Дочь ее Людмила Глебовна, из хрупкой, изящной блондинки превратилась в рыхлую, болезненную женщину, в сущности, в старуху, но жизнь в соседстве с матерью позволила ей сохранить две-три капризные нотки в голосе и некоторую (неуместную, конечно) девическую избалованность в жестах и манерах. Порой она морщила дряблые губы этаким увядшим бантиком и говорила матери: «Ну, пожалуйста, не корми меня этой противной овсянкой! Придумай что-нибудь съедобное!» Вдруг, забыв о возрасте и весе, этак порхающе передвигалась по дому, напевая, округло, плавно возносила руки, но недолго — ни дыхания, ни сердечной силы уже не было.

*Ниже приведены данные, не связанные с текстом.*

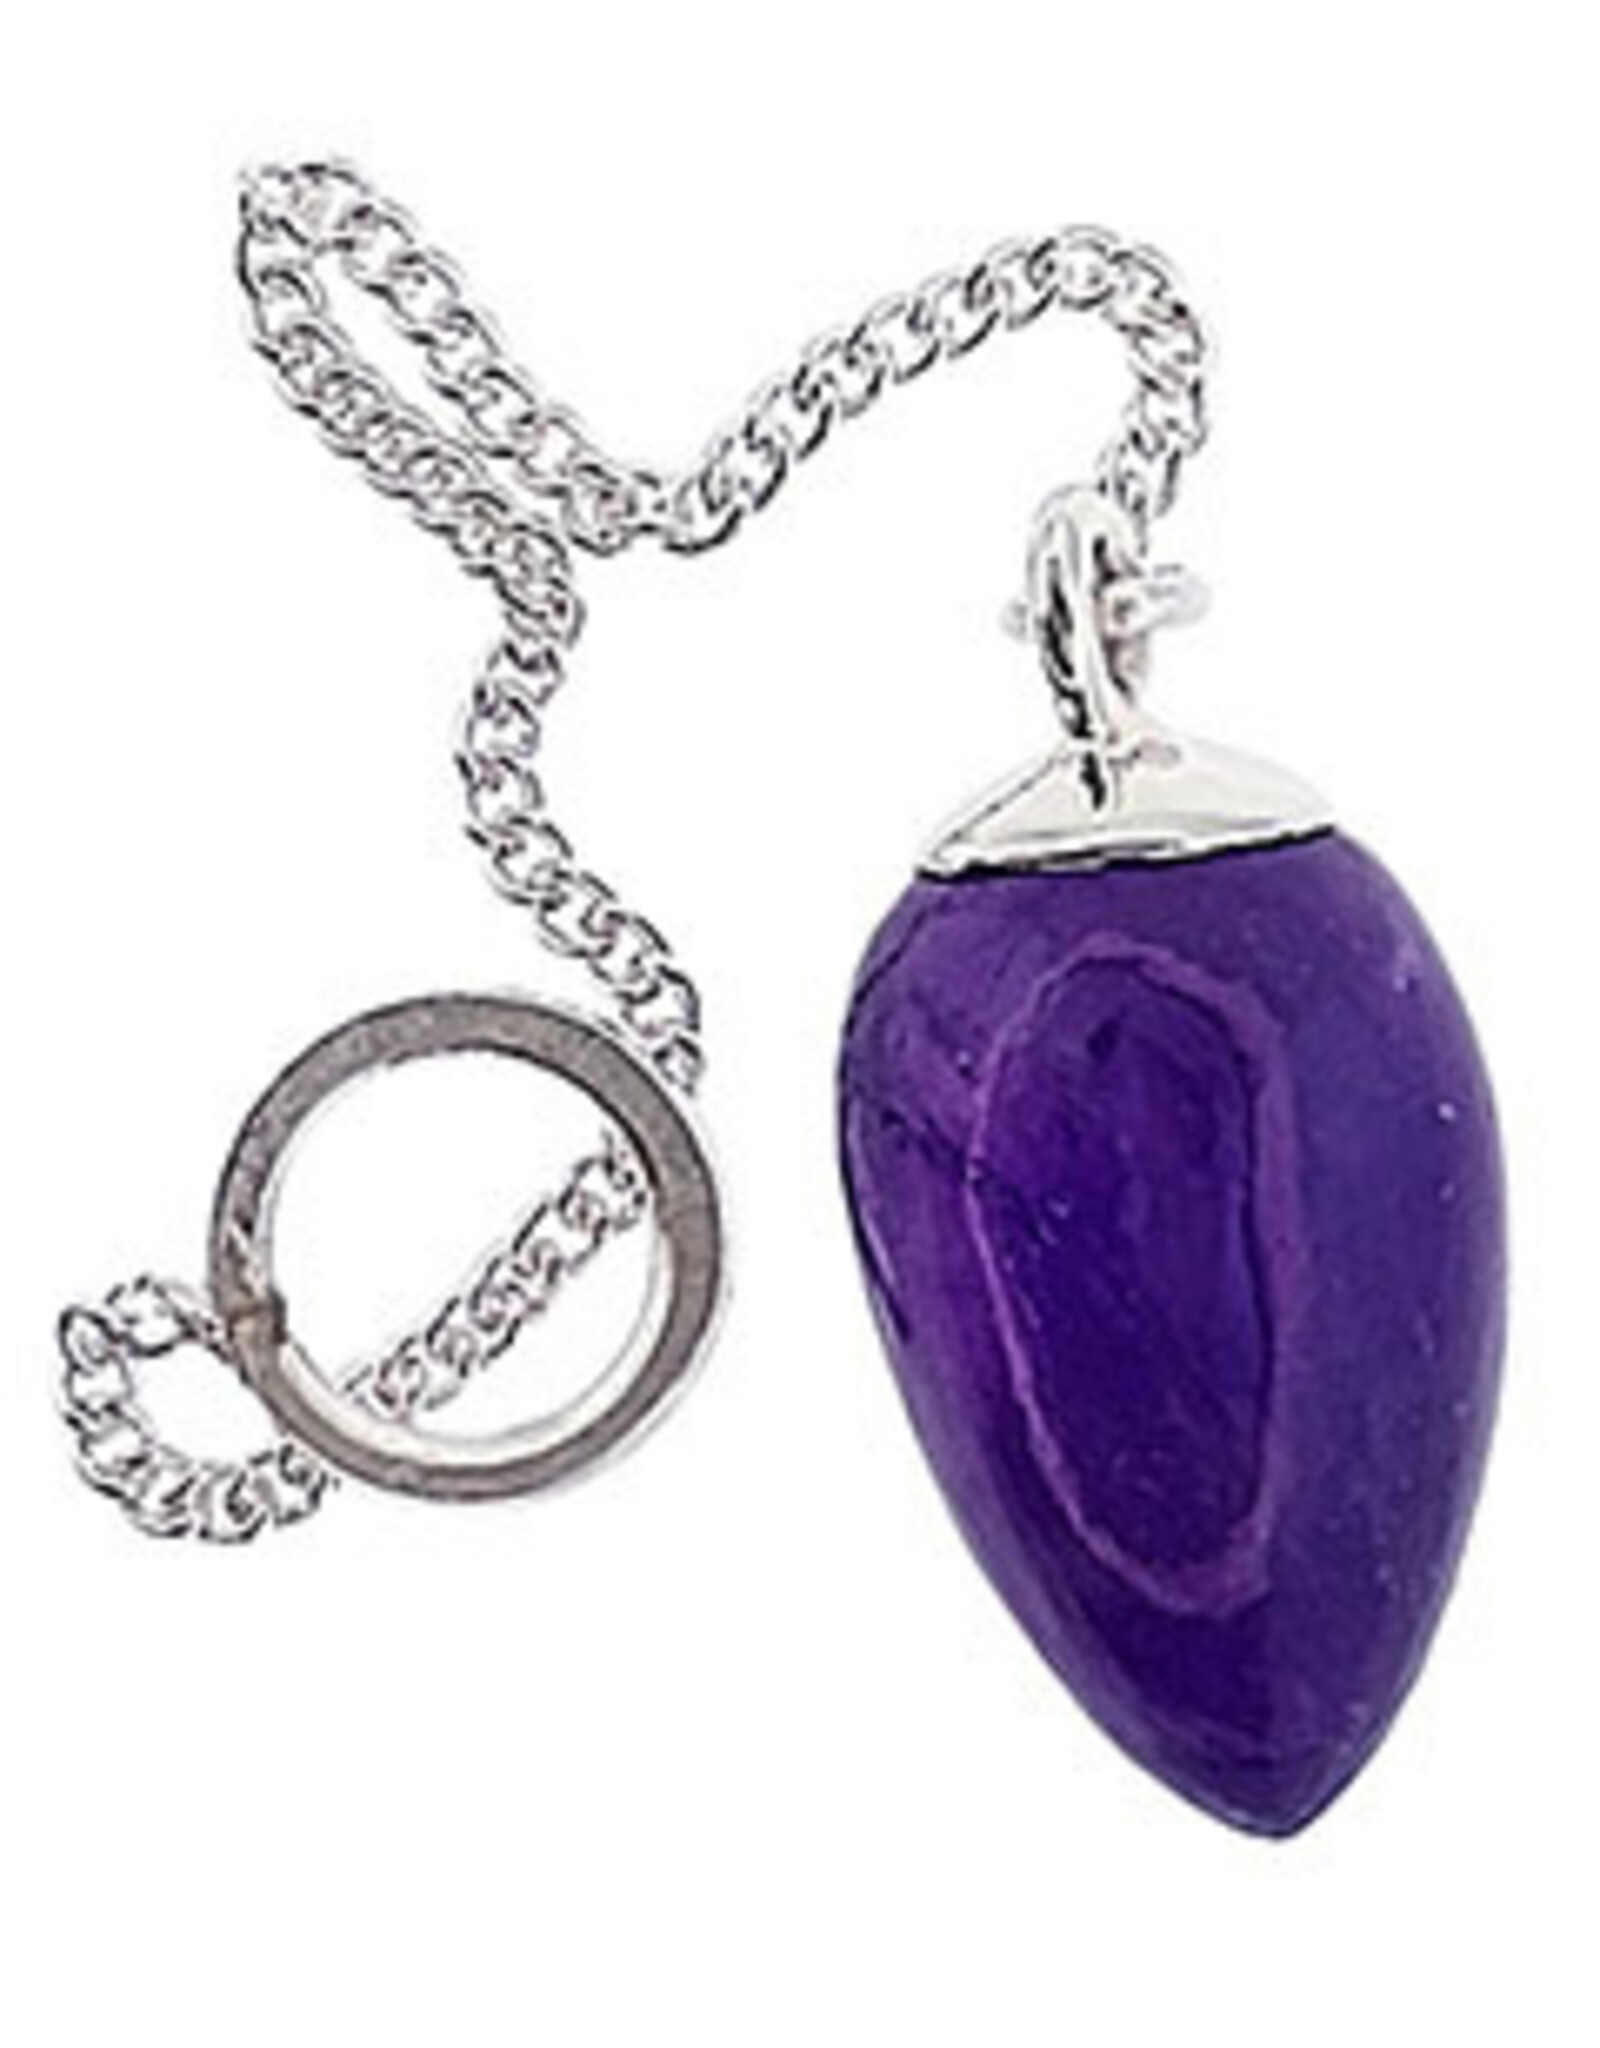 Amethyst Pendulum Necklace Sterling Silver
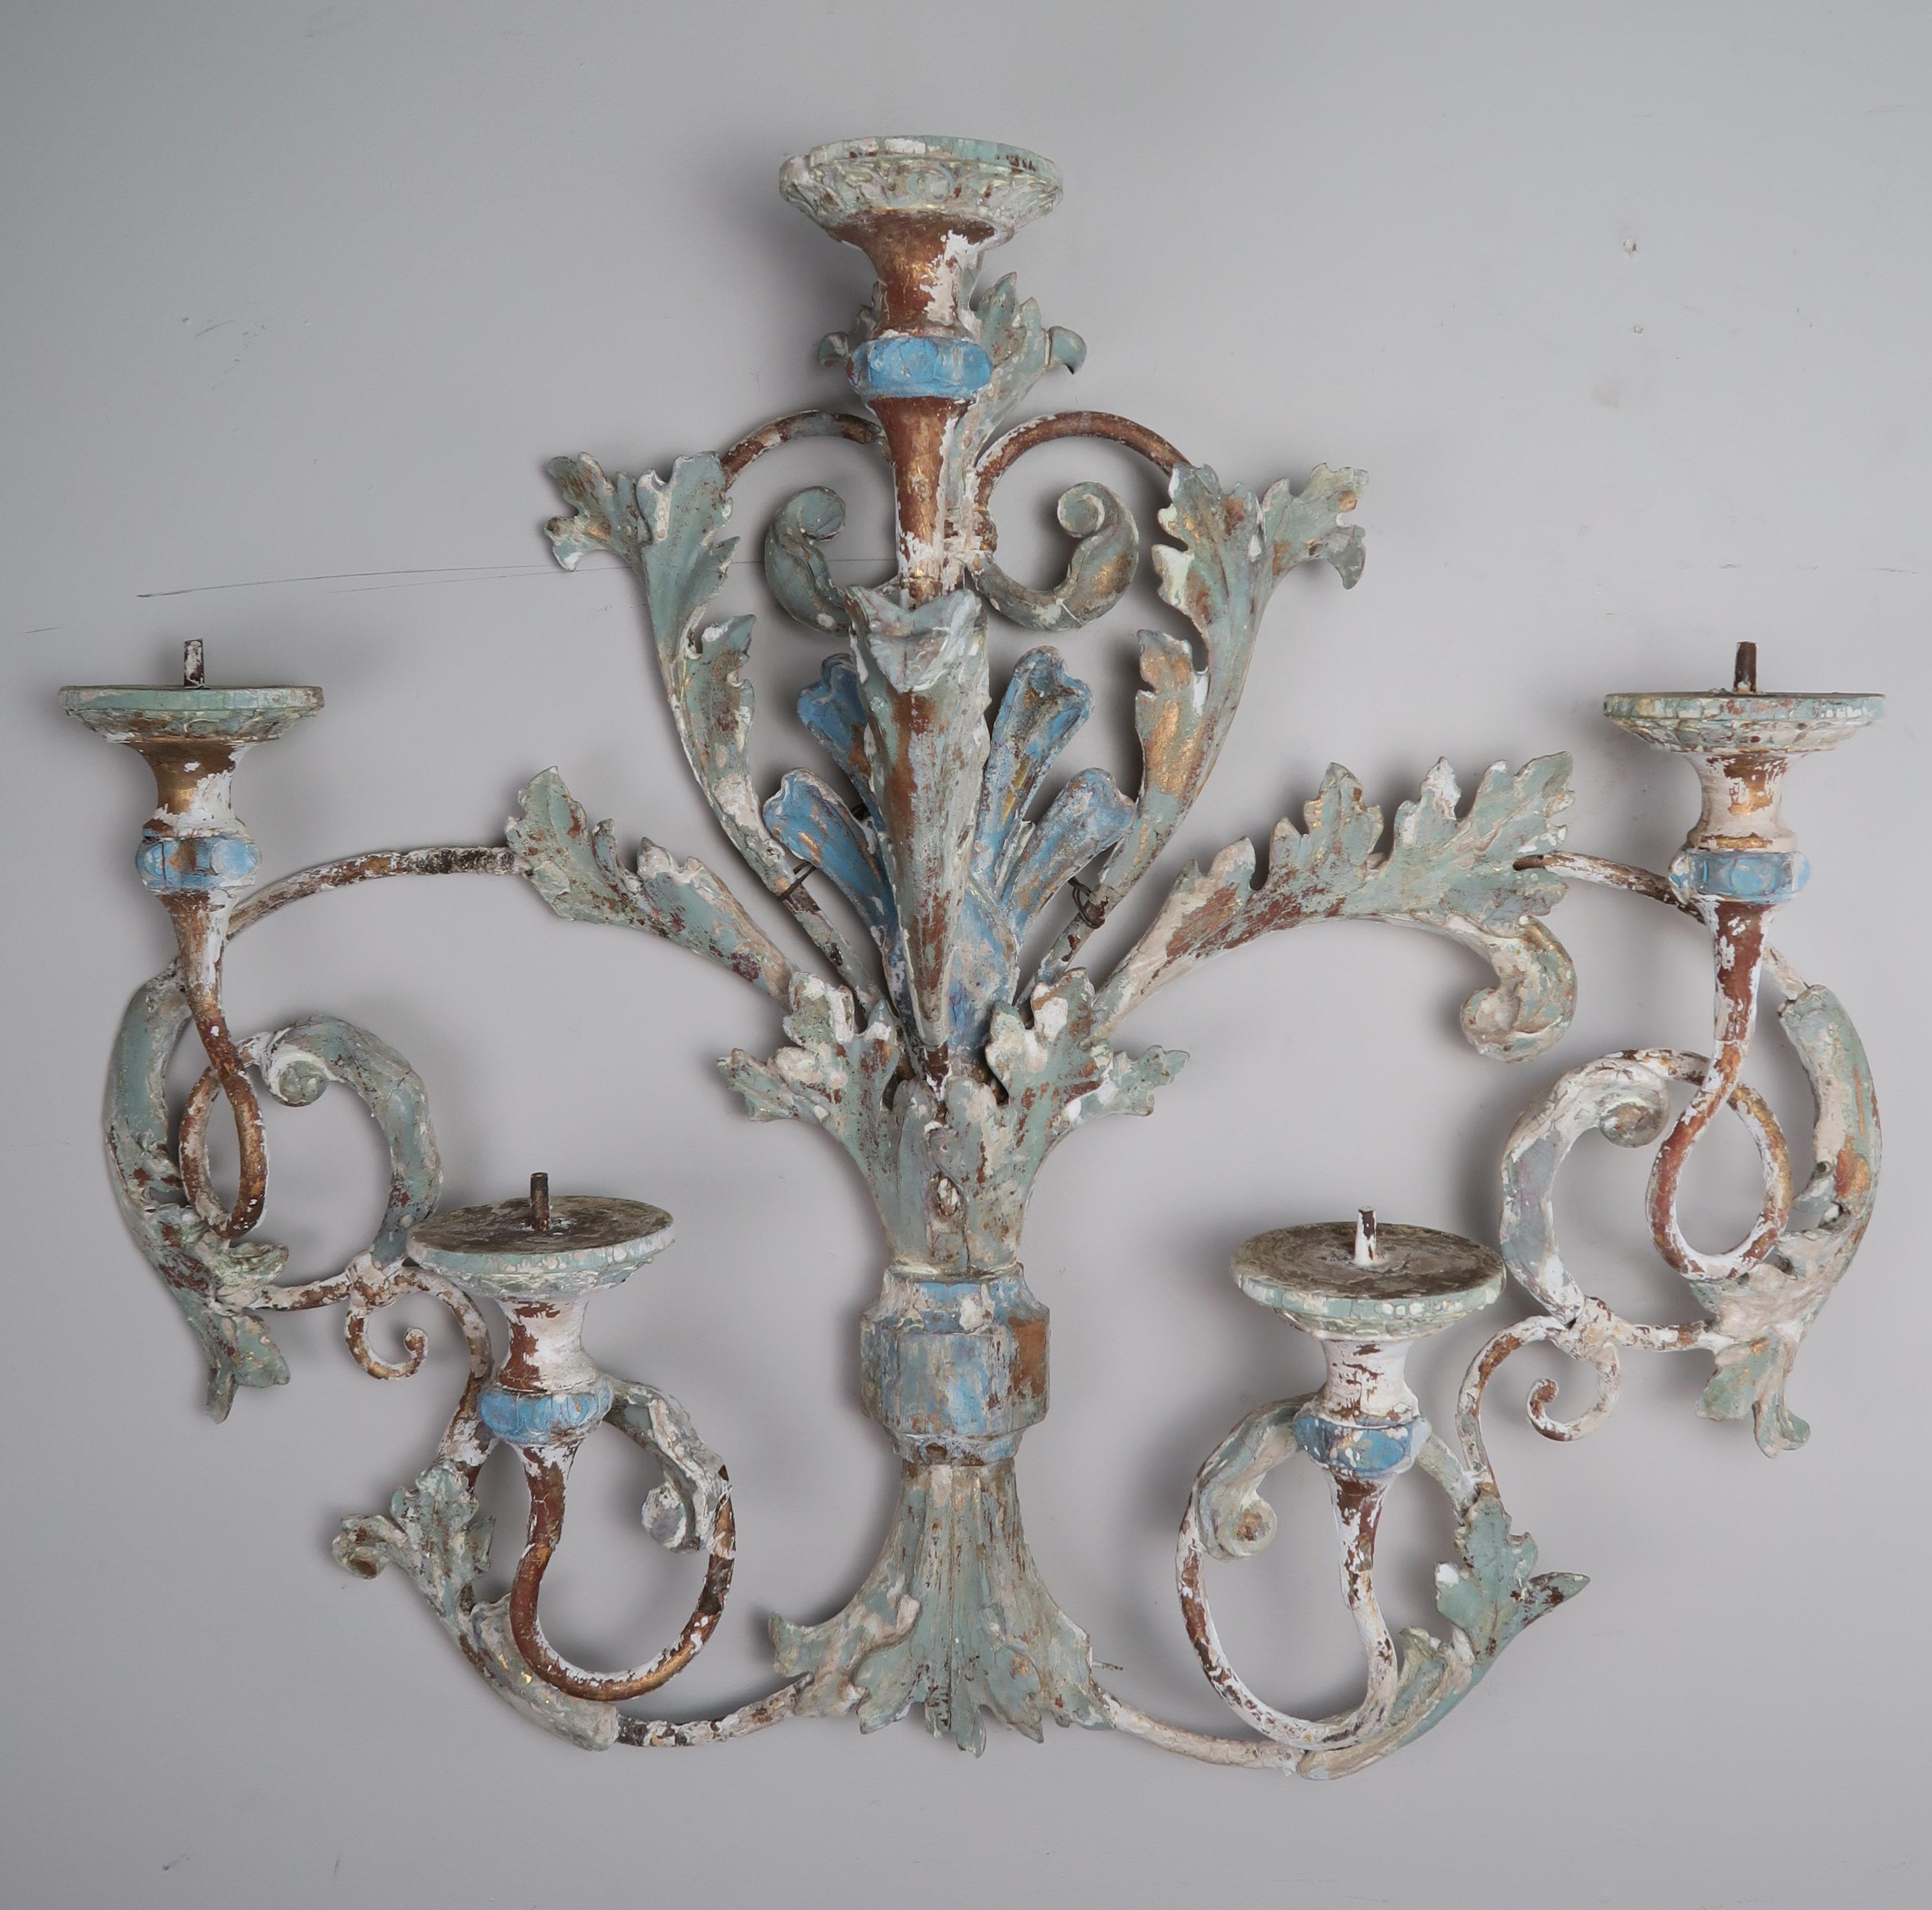 19th century French wood and iron painted carving. The carving depicts swirling acanthus leaves in soft hues of blue, green and cream colors. The paint is beautifully worn with portions of iron showing underneath.

Впрочем, склонность к девическому поведению поощрялась в большей степени не соседством с матерью, а поздним замужеством.

Ей было за тридцать, когда она вышла замуж, вышла за старого холостяка, но не из законченных эгоистов и деспотов, а из стеснительных, добрых, снисходительных. Он плохо и мало знал женщин, поэтому запоздалое сюсюканье Людмилы Глебовны, ее романтические преувеличения при виде какой-нибудь лужайки во время загородной прогулки, ее восторженная, житейская непрактичность (пошла покупать себе туфли, подходящих не нашла, тогда купила в комиссионном обшарпанную китайскую ширму и долго умилялась ею, не зная, куда приспособить) — в муже ее любые девические улыбки, умильности вызывали если и не всегда радость, то сочувственное внимание всегда, равно как и молчаливое, ласковое согласие.

Муж ее был молчаливым, работящим (его домами в Череповце заставлена не одна улица, да и их родовой дом он снабдил современным комфортом), а потому очень занятым человеком и в течение семейной жизни не входил, полагаясь на Людмилу Глебовну. И ей так нравилось пребывать в затянувшемся медовом мороке, что лишь через семь лет после свадьбы она надумала рожать.

Но несправедливо выставлять Людмилу Глебовну только сюсюкающей, восторженной старой девой, удачно вышедшей замуж, — нет и нет. Она была добра, искренна, жалостлива, ее дружно любили, с долею, верно, снисходительного юмора, мальчики и девочки из старших классов, где она вела литературу. Людмила Глебовна не утеряла свежести восприятия многажды читанных книг и страниц. Скажем, судьба Лизы Калитиной каждый раз отзывалась в ней искренним изумлением и воодушевлением, а заключительные строки «Дамы с собачкой» она не могла читать без слез печального восторга. Чувствами своими, рожденными чтением, она охотно и горячо делилась с учениками, за что и была ими любима.